▶ **Listed entries**
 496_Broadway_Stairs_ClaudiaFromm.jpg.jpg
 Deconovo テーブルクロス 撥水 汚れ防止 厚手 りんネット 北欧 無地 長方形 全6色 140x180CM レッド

--

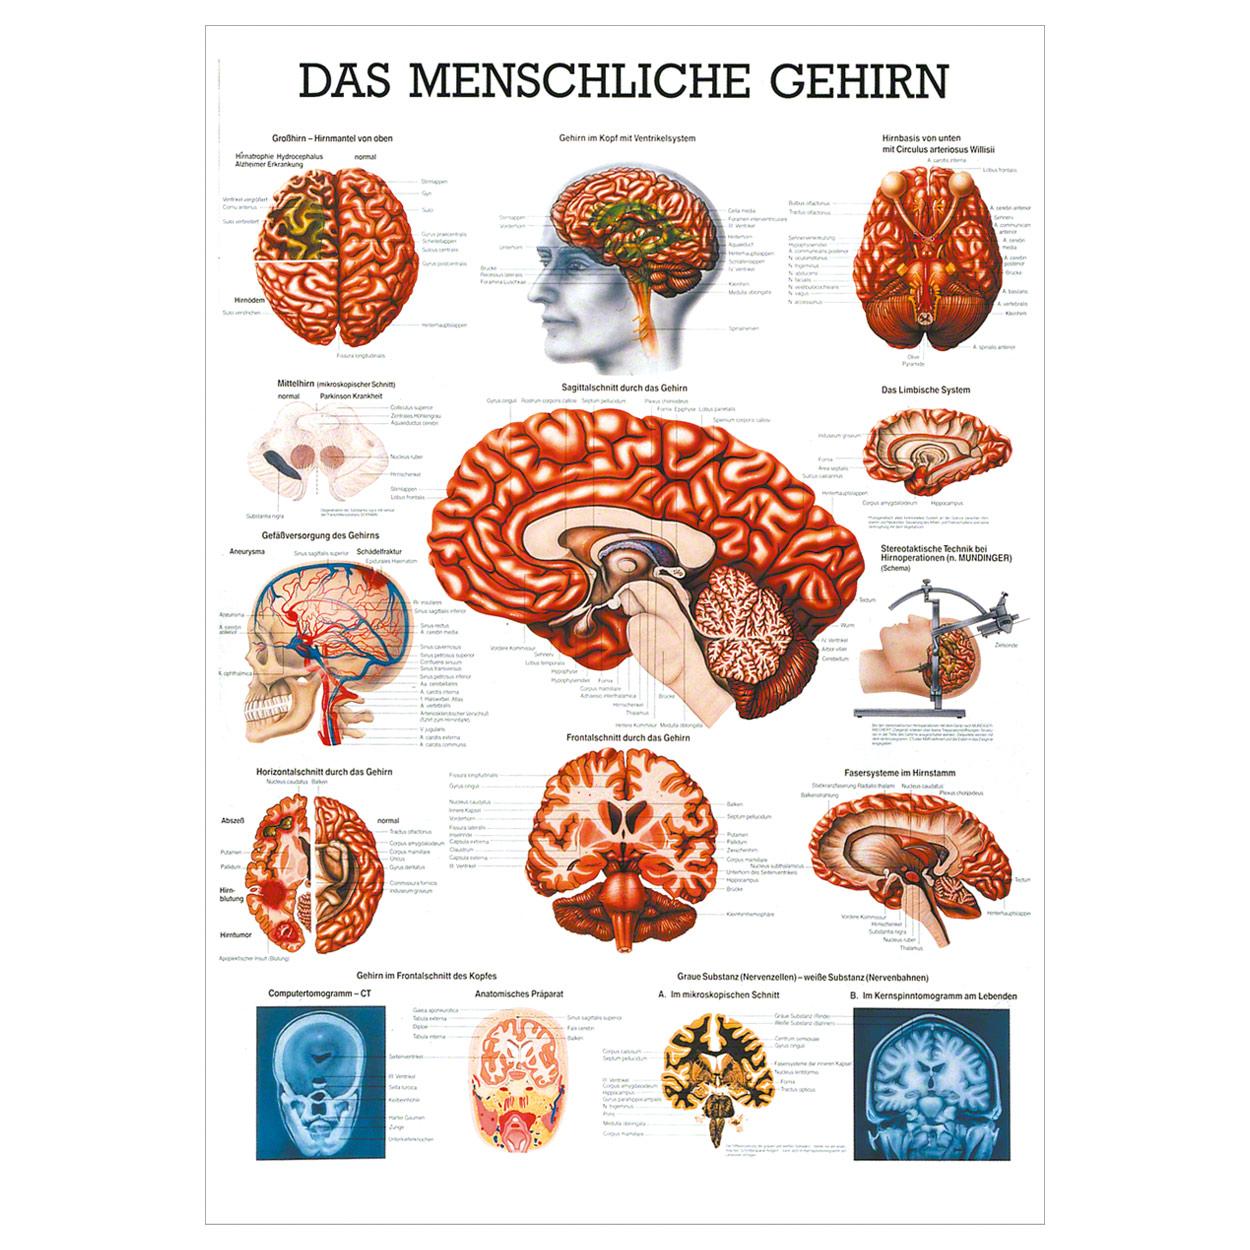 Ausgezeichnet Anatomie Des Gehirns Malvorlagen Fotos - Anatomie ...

==

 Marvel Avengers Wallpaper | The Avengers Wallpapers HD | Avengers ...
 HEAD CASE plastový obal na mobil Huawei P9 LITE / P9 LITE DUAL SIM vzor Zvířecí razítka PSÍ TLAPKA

▶ **What you need to do**
Out of the material above, output word for word the line with "496_Broadway_Stairs_ClaudiaFromm.jpg.jpg", the line with "Deconovo テーブルクロス 撥水", and all lines between them, with nothing else.

▶ **Task response**
 496_Broadway_Stairs_ClaudiaFromm.jpg.jpg
 Deconovo テーブルクロス 撥水 汚れ防止 厚手 りんネット 北欧 無地 長方形 全6色 140x180CM レッド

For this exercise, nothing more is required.